BY PJ HELLER | SAN JUAN, PR | May 9, 2001

One person who lived in Baltimore for 60 years said it was the worst tidal surge he\'d seen. (DNN photo by Susan Kim)
Credit: Disaster News Network

Damage tallies are growing in Puerto Rico as emergency crews gain access to communities blocked by floodwaters and mudslides.

Preliminary reports from emergency management officials indicate some 800 homes received major damage, 42 were destroyed, and 232 have minor damage. "Many communities are still blocked," said Joann Hale, a Church World Service (CWS) disaster resource facilitator.

Two people died in the storm.

Gov. Sila Calderon reported that there was at least $146 million in damages, mostly in the south and west regions of the country. "That's got to be a lot because those aren't million dollar homes," said Hale. As rains are expected to continue through the weekend, more flooding will probably take place, and flash flood warnings and high surf warnings continued Thursday. It was still difficult to fly into affected areas on Thursday.

Hale has been in contact with local pastors who are coordinating local response. CWS has been training clergy in Puerto Rico to respond to long-term disaster-related needs since Hurricane Georges struck in September 1998.

Representatives from Voluntary Organizations Active in Disaster are contacting churches in the hardest-hit areas, said Hale.

Gov. Calderson has asked President George W. Bush to declare Puerto Rico a federal disaster area.

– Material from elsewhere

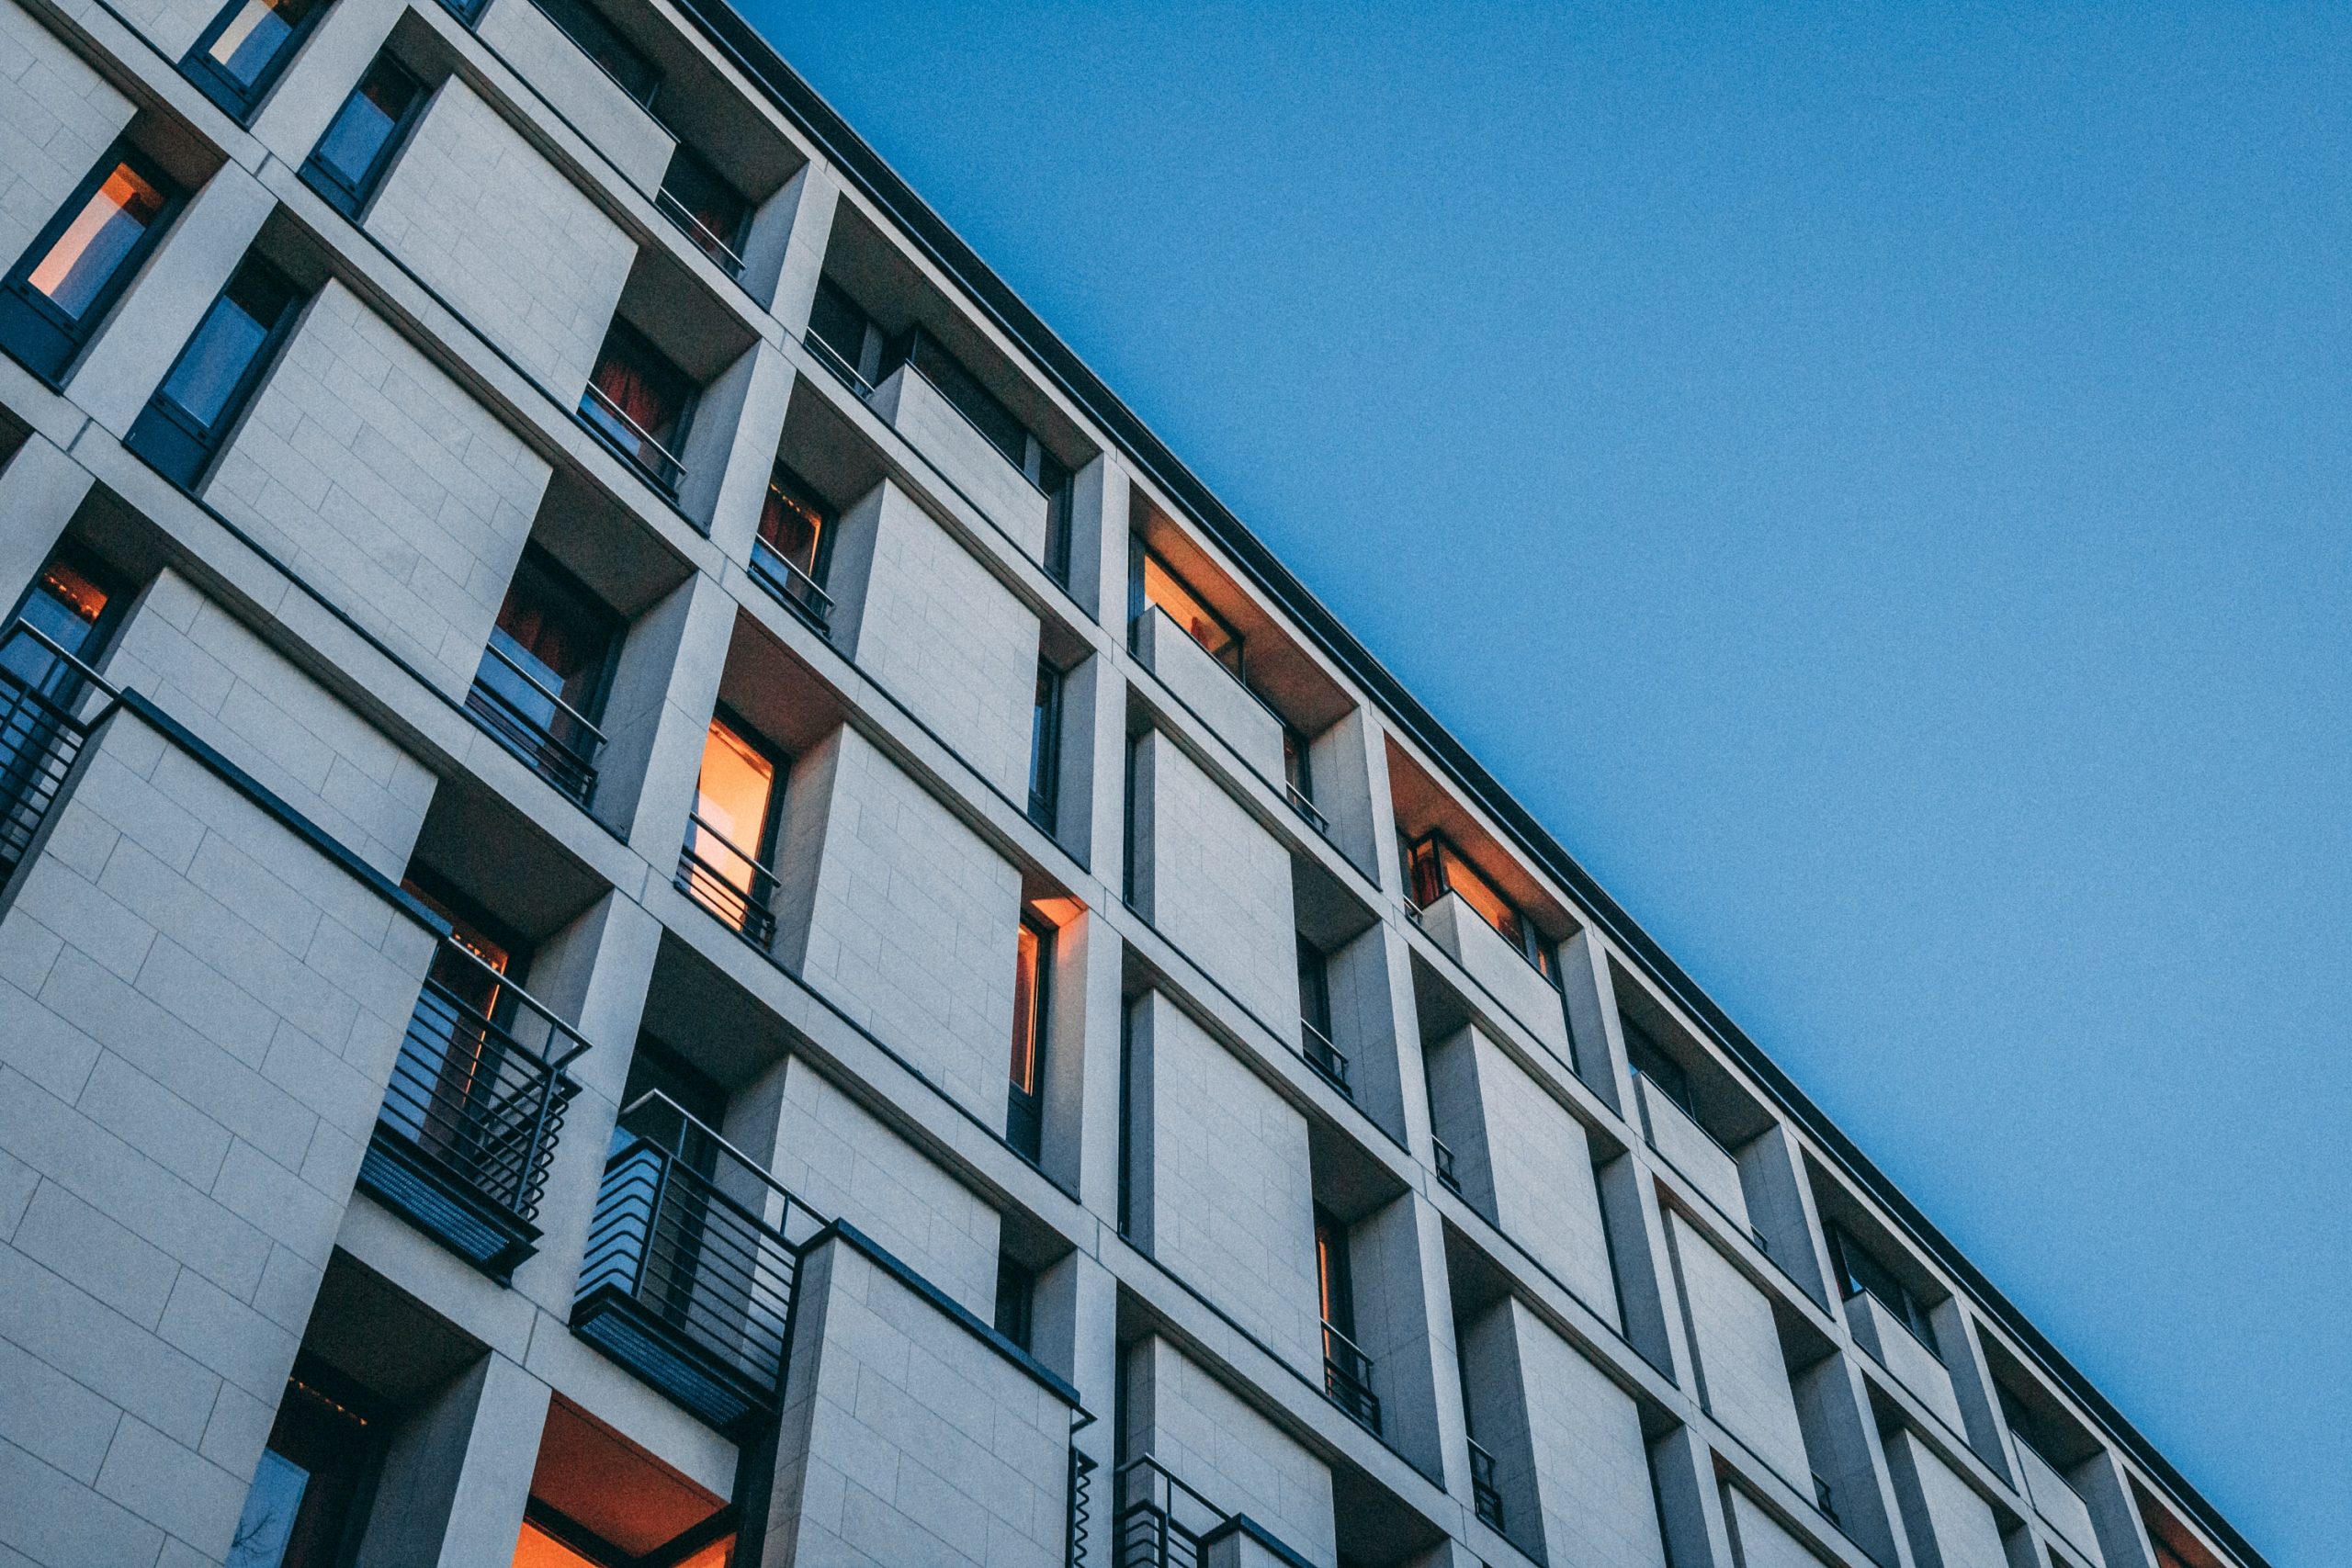 Edifício moderno de alojamento estudantil ao entardecer, com o brilho quente das luzes visíveis de algumas das janelas contra o azul frio do céu noturno.

"If I went to summarize in a single word what I have seen with my eyes today, it would only say one thing: devastation," said Gov. Calderon. After touring some of the affected areas, she said the devastation was greater than she had thought.

Calderon declared a state of emergency for 22 towns -- 13 of them in the southwest -- freeing up to $12 million to aid in the disaster relief.

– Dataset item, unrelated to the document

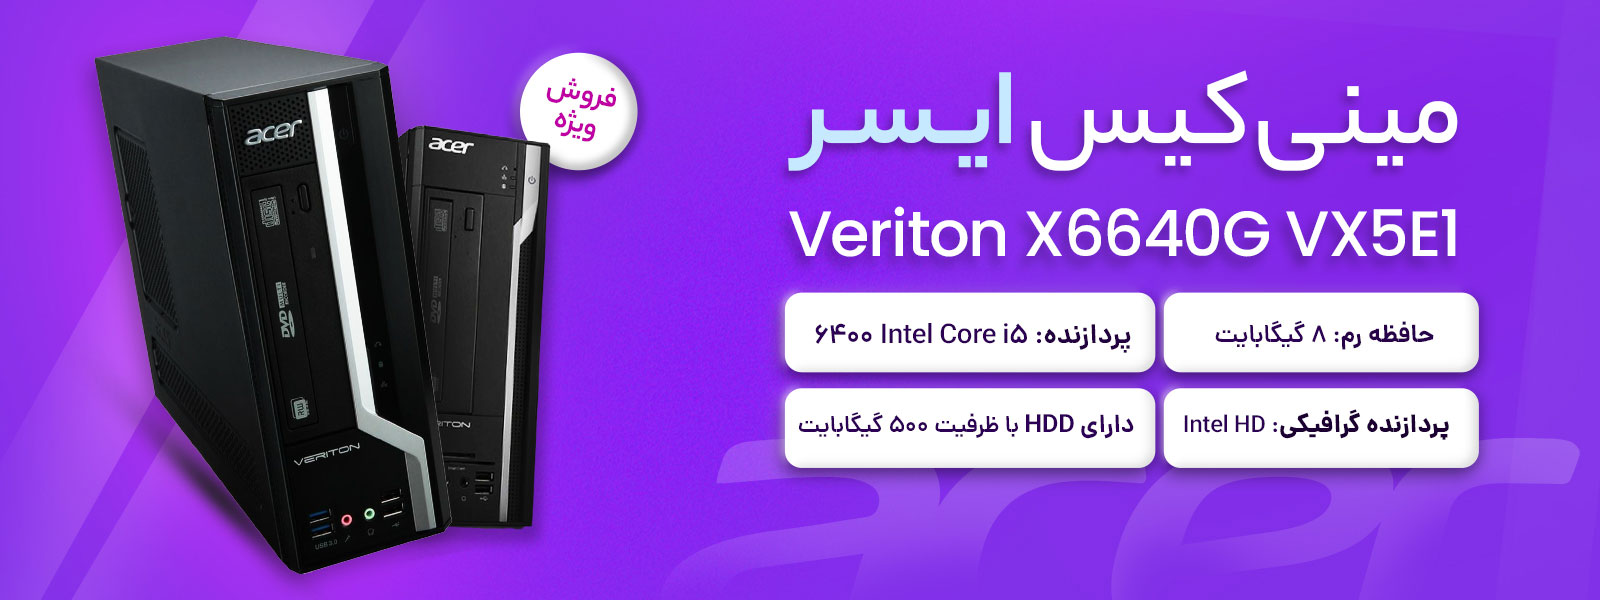 بنر فروش مینی کیس استوک ایسر Veriton X6640G VX5E1

Nearly 200 people sought refuge in emergency shelters which remained open Tuesday night in rural southwestern communities. Agricultural damage was expected to be extensive, with some officials reporting that entire harvests had been lost due to flooding and mudslides.

The Puerto Rican Farmers Association estimated initial losses of $7.5 million to crops and cattle. Businesses and schools were also hard hit by the flooding. One elementary school reported losing $70,000 in computer equipment it had recently purchased.